Мама, или Самое настоящее письмо на Земле - Женя Т.
Шрифт:
Интервал:
Закладка:
Заплакала, метаясь, — сама знаешь, поплакать я люблю! Ты пришла, и я рассказала тебе, что происходит: что не понимаю, зачем же и как тогда жить, если все все равно пройдет, закончится, если все уже проходит — мимо? И ты нашлась. Ты сказала мне, что — не за чем. Смысла и впрямь нет, говорила ты, кроме одного: делать мир добрее ровно настолько, насколько мы на это способны.
Простой и идеальный ответ на любой по большому счету вопрос — я его каждый день прокручиваю в своей голове…
январь, 2001
Мне около пяти. Слышу в коридоре твой плач, даже вой. Темно. Поздно. Ты сидишь, сокрушенная, на полу. Помню вены на твоих сухих руках, помню, что ты была почти голая. Я подхожу и глажу тебя по спине.
— Мама, что случилось?
— Ненавижу! Ненавижу! Тварь!
— Мама…
— Смотри, смотри, Агния!!!
Ты резко открываешь шкаф с верхней одеждой и выхватываешь его куртку, достаешь из левого кармана кружевные трусы — а я не понимаю, что это такое.
— Вот! Смотри! Смотри, какой у тебя папаша!
Я стою в темноте, совсем малюсенькая точка во всей вселенной. Я стою и не плачу, ибо не осмысляю, что происходит и почему. Ты снова демонстрируешь мне белье и засовываешь обратно, взвыв еще раз. Уходишь в зал — гостиную, где стоит диван, на котором вы с папой спите… А я все стою. Озадаченная. С огоньком боли внутри.

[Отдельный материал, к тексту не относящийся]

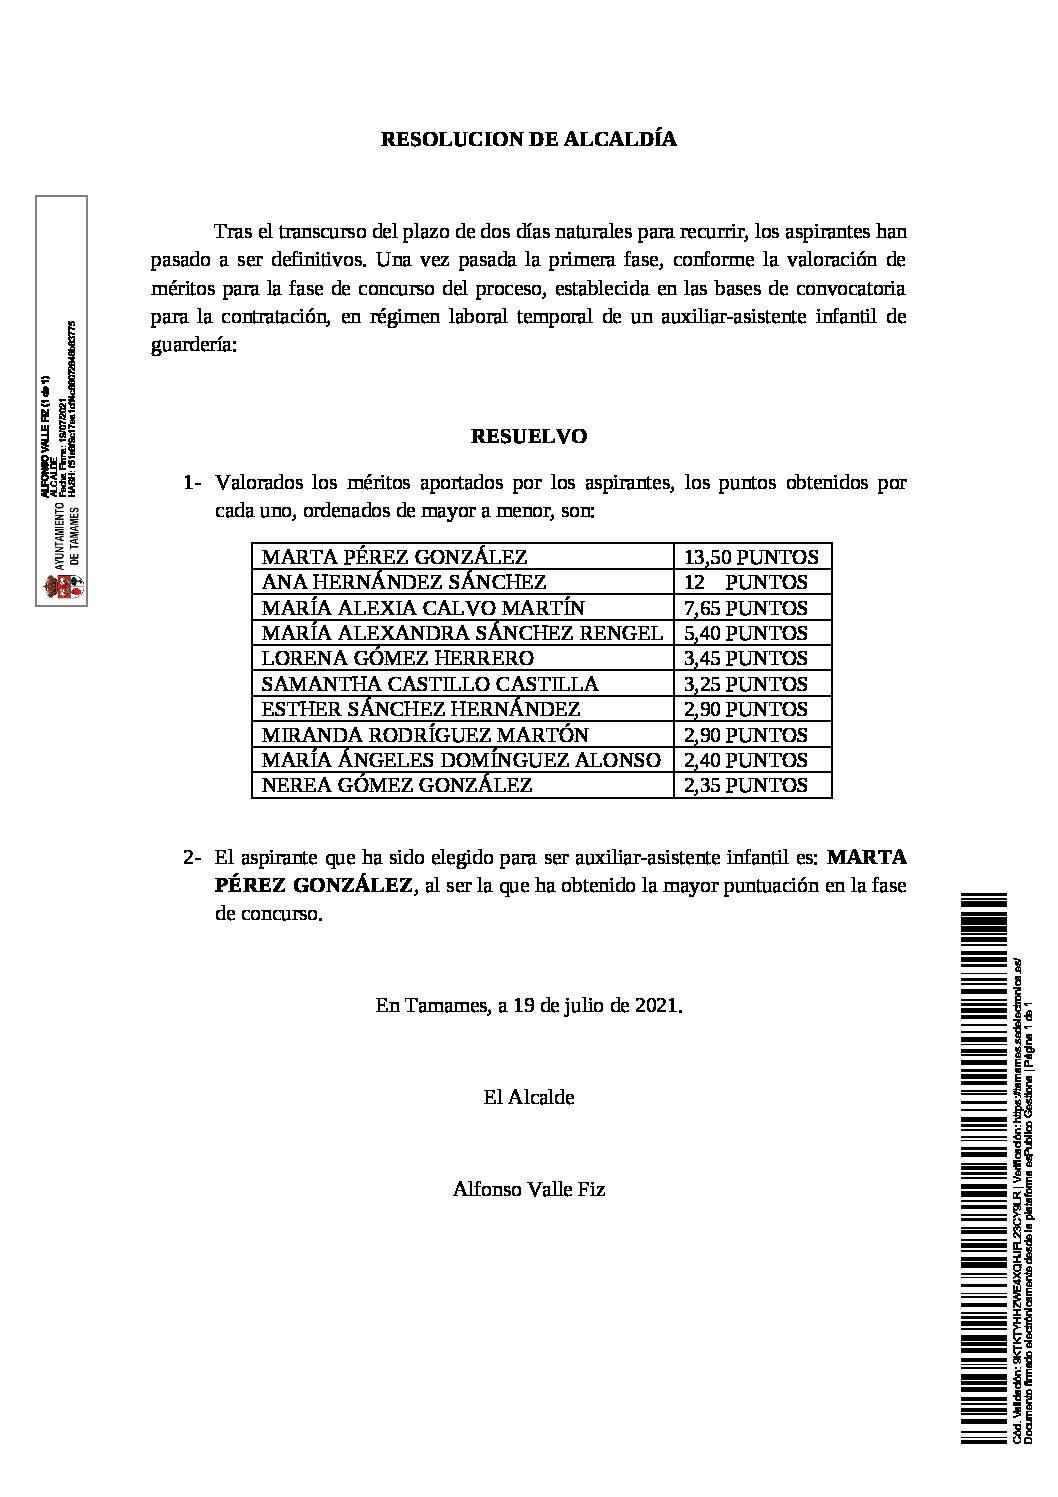 RESOLUCIÓN ALCALDÍA

Моя бедная мама. Какой же в тебе костер боли.
ноябрь, 2022
Мы пытаемся с ней сжиться, ужиться как-то. Я — встроиться в ее грязные цветные фасады, она — в мое заметенное снегом, вечно беспричинно тоскующее сердце. У нас пока с трудом получается, смотрим друг на друга — и, знаешь, вроде бы и рады встрече, и она такая приветливая, добрая, да только хочется куда-то от нее спрятаться, попросить помолчать, перестать, в конце концов, улыбаться и чмокать губами. Тебе, мам, наверное, знакомо такое ощущение: человек с виду прекрасный, солнечный, дружелюбный, болтает без умолку и вроде бы с ним должно быть легко… Но что-то не то. Что-то не то и все. Может быть, вам обоим нужно время. Ну, то есть — нам. Мне — перестать склабиться, рычать на все, захлопывая свои ставни, задергивая шторы и прячась в студеную ностальгию. Ей — быть поспокойнее, не наседать так сразу. Посмотрим, посмотрим, что из этого выйдет. Ты, как всегда, все предрекла.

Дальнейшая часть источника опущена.